Secrets#

hpcFlow can store secrets like usernames and passwords for third party services that require authentication.

Warning

Do not store secrets like usernames, passwords, and API keys within environment definitions. These definitions are copied into workflow metadata and so would be distributed with the workflow, if shared.

Managing secrets#

Secrets can be retrieved, set, and deleted as follows:

CLI

Using the manage secrets sub-command in the hpcFlow CLI, we can set a new secret like this:

hpcflow manage secrets set KEY VALUE

To update the value of an existing secret, use the –overwrite flag:

hpcflow manage secrets set KEY VALUE --overwrite

Items can be retrieved like this:

hpcflow manage secrets get KEY

All currently defined secrets can be listed like this (with values hidden):

hpcflow manage secrets list

To show all secret keys and their secret values, use the –values or -v option:

hpcflow manage secrets list --values

To delete a secret:

hpcflow manage secrets delete KEY

Python API

import hpcflow.app as hf

# set the value of the `KEY` secret:
hf.set_secret("KEY", "VALUE")

# update the existing value of the `KEY` secret:
hf.set_secret("KEY", "VALUE", overwrite=True)

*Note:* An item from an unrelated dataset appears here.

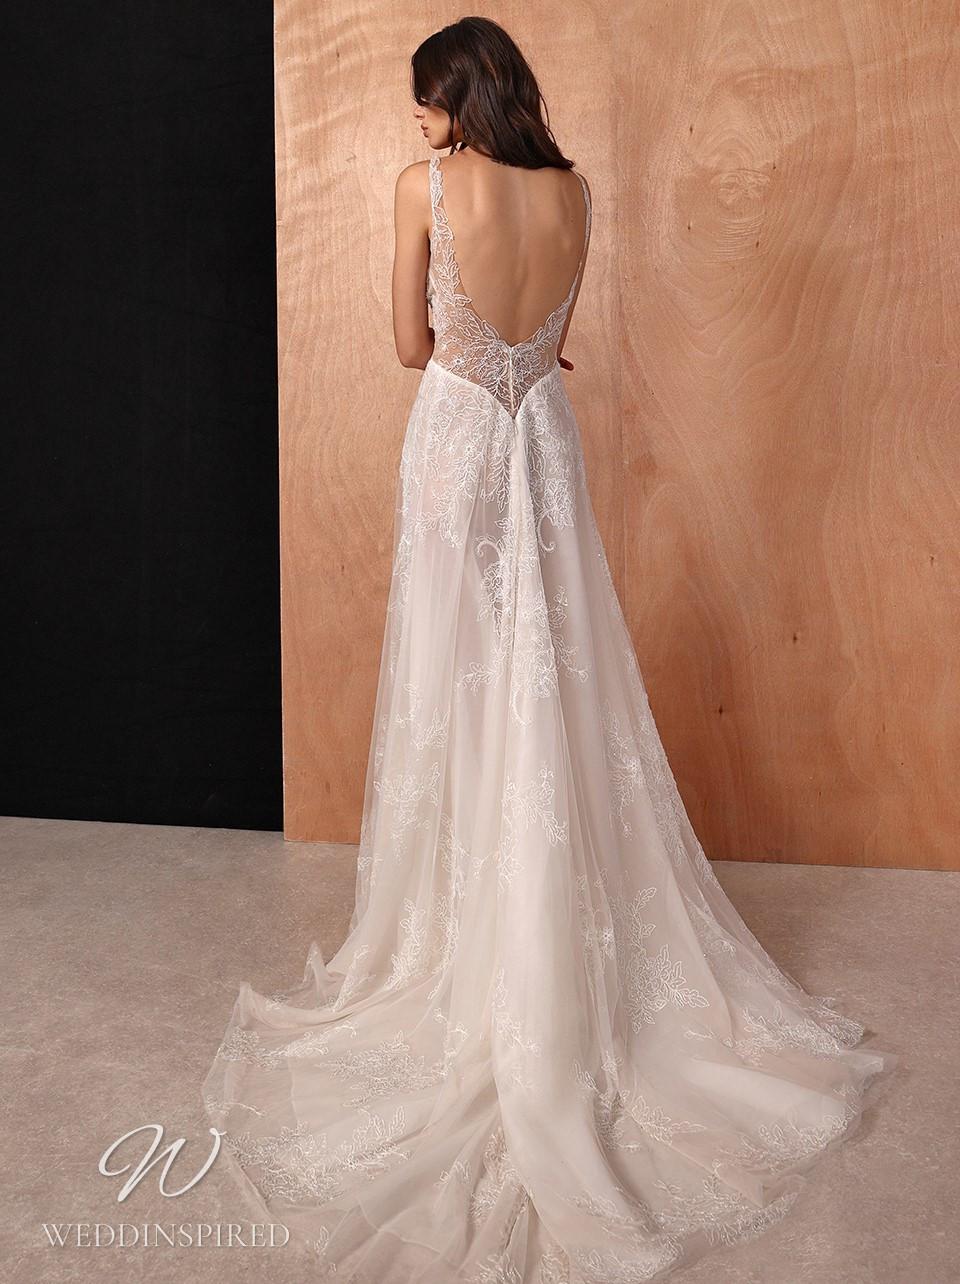 A Galia Lahav 2022 lace A-line wedding dress with an open back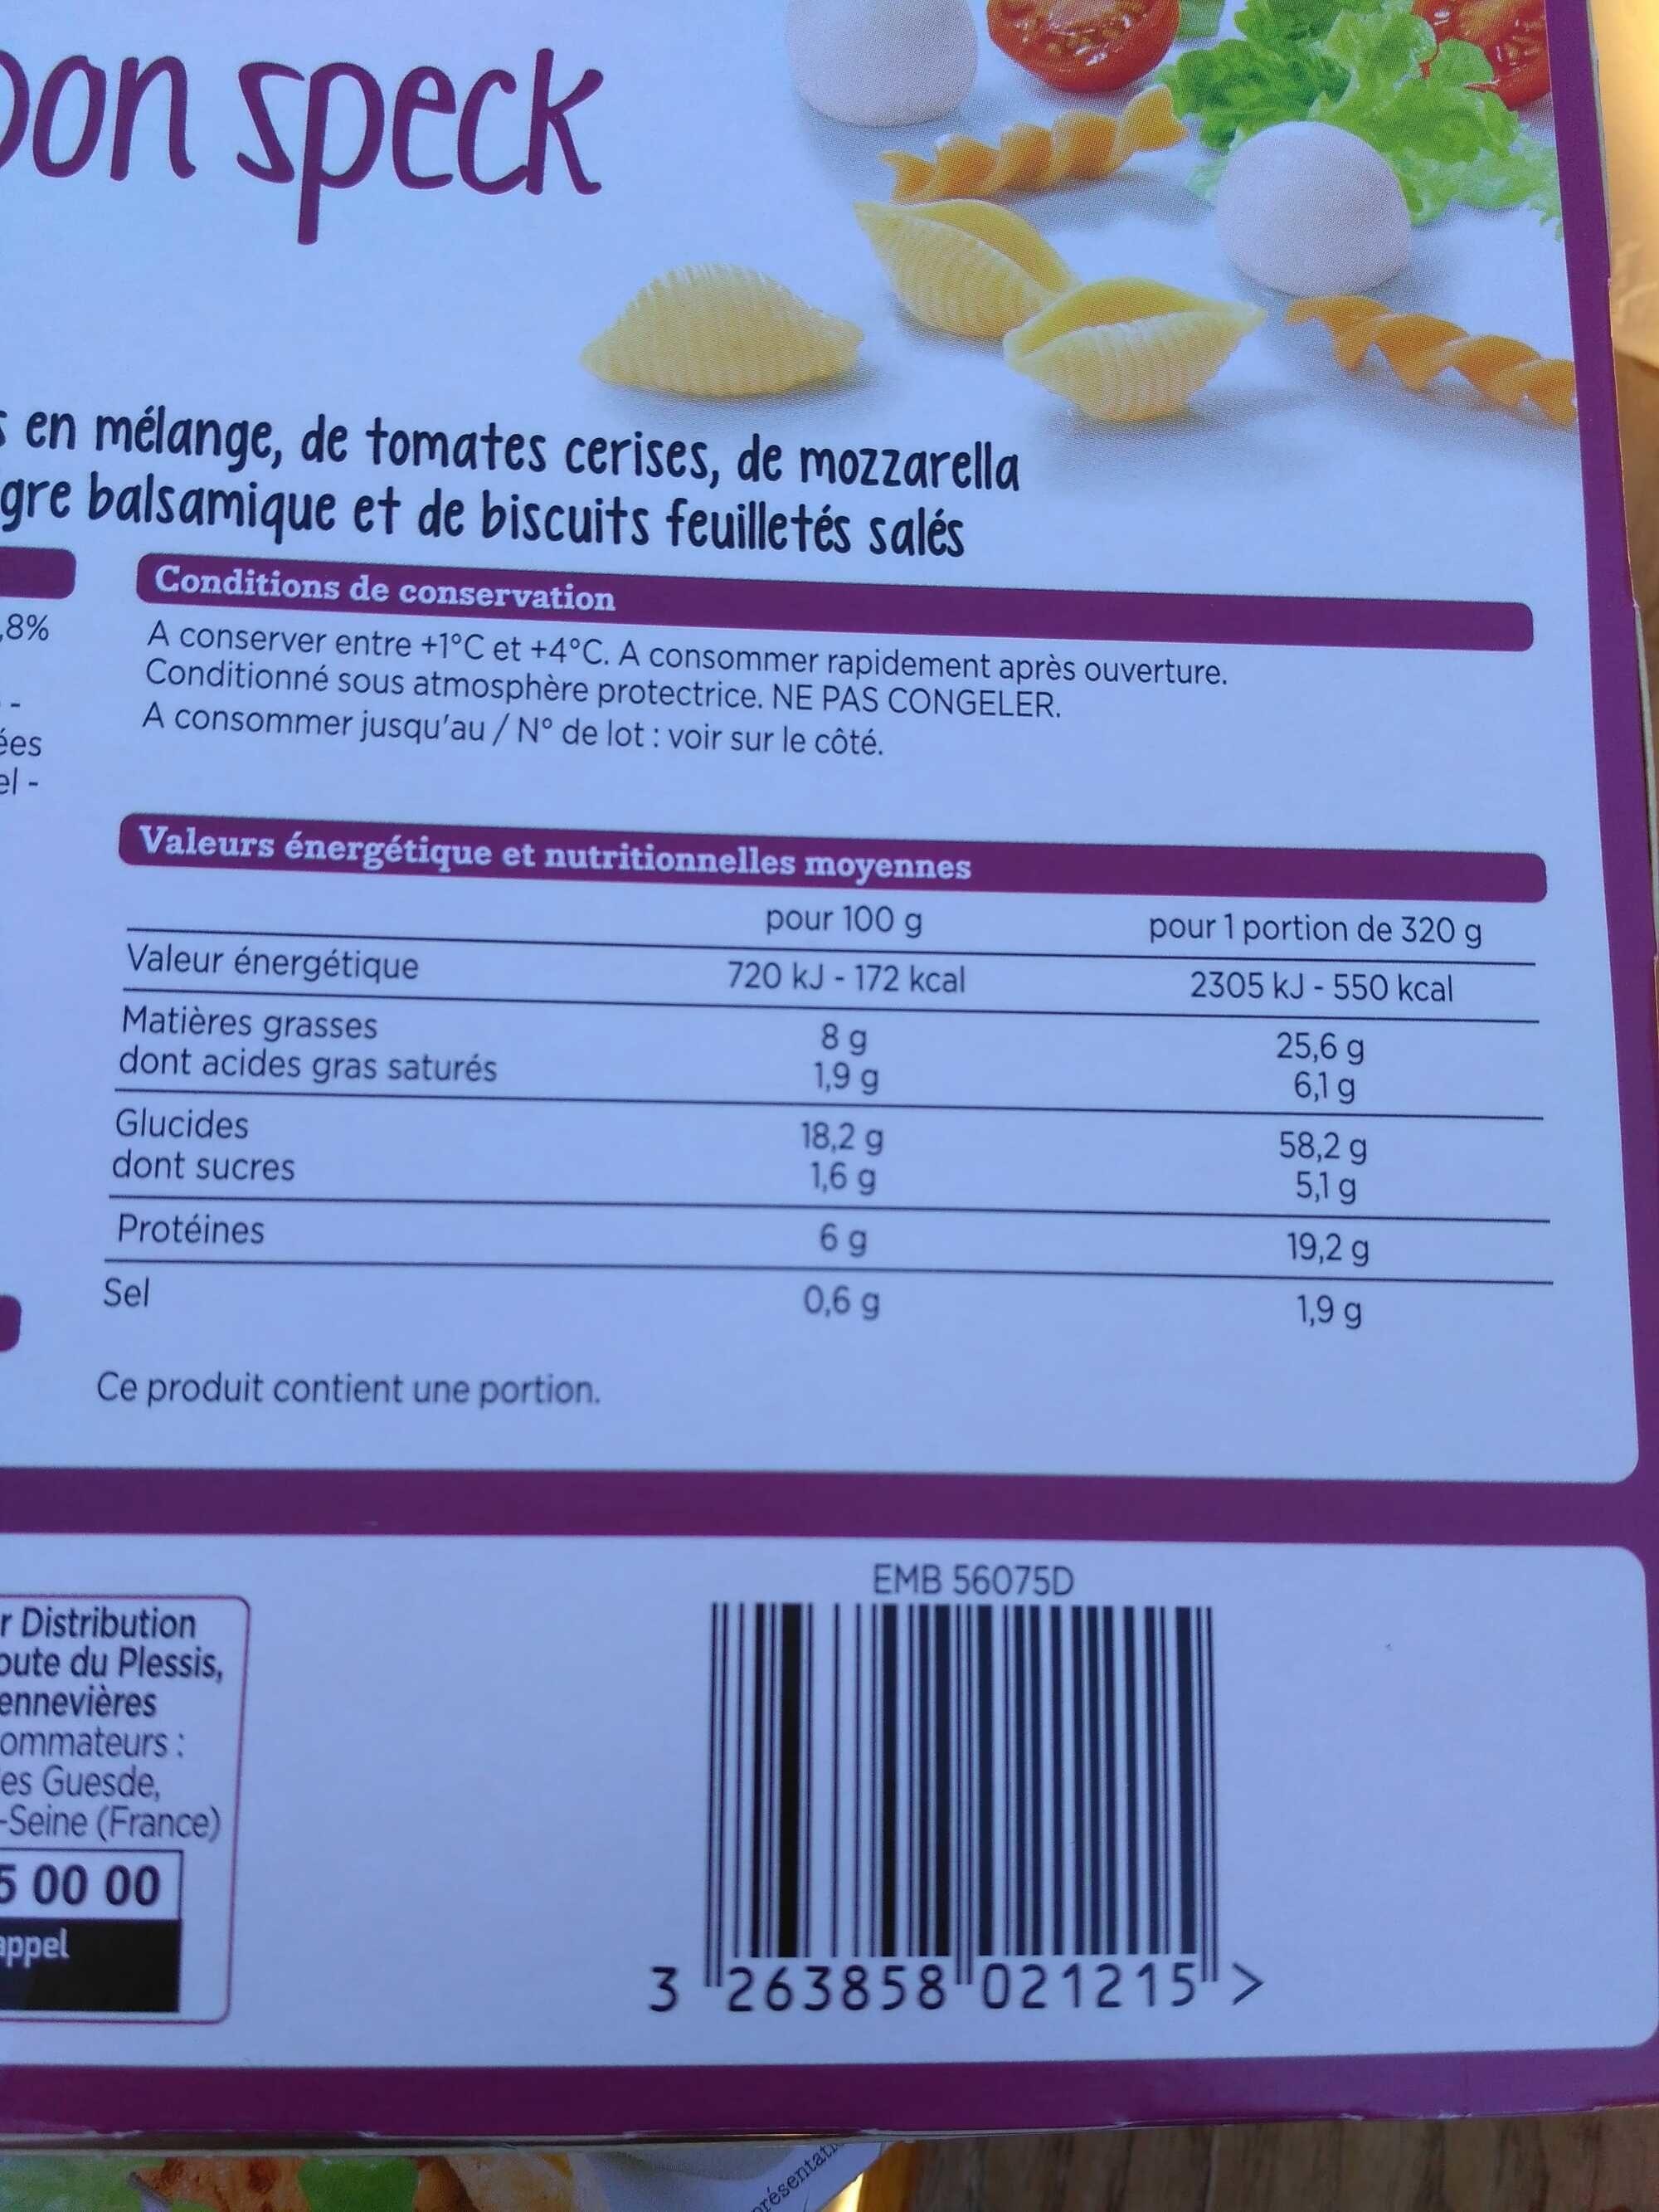 Salade mozzarella, jambon speck - Produit - fr

# retrieve a secret's value:
print(hf.get_secret("KEY"))

# print all secret keys:
hf.print_secrets()

# print all secrets keys and their secret values:
hf.print_secrets(include_values=True)

# delete a secret
hf.delete_secret("KEY")

Note

hpcFlow does not encrypt secrets as there is not a straightforward way to do so across all platforms, and for typical use cases (like running on HPC systems). Instead, hpcFlow stores secrets in a file with appropriate permissions set such that the file can only be read (or written to) by the current user. The secrets file is stored within the app’s user data directory.

Using secrets#

You can expose secrets as shell environment variables by specifying a list of secret keys (i.e. the names of the secrets you wish to include) in the environment definition, via the secrets argument. (As stated above, secrets values should not be stored within environment definition setup or command blocks.). For example, such an environment definition might look like this in YAML:

- name: my_env
  secrets:
    - MY_SECRET
  executables:
    - label: my_executable
      instances:
        - command: my_executable.exe
          parallel_mode: null
          num_cores:
            start: 1
            stop: 4

where MY_SECRET is the key to a secret stored by hpcFlow, such that if you run hpcflow manage secrets get MY_SECRET, the secret’s value would be printed.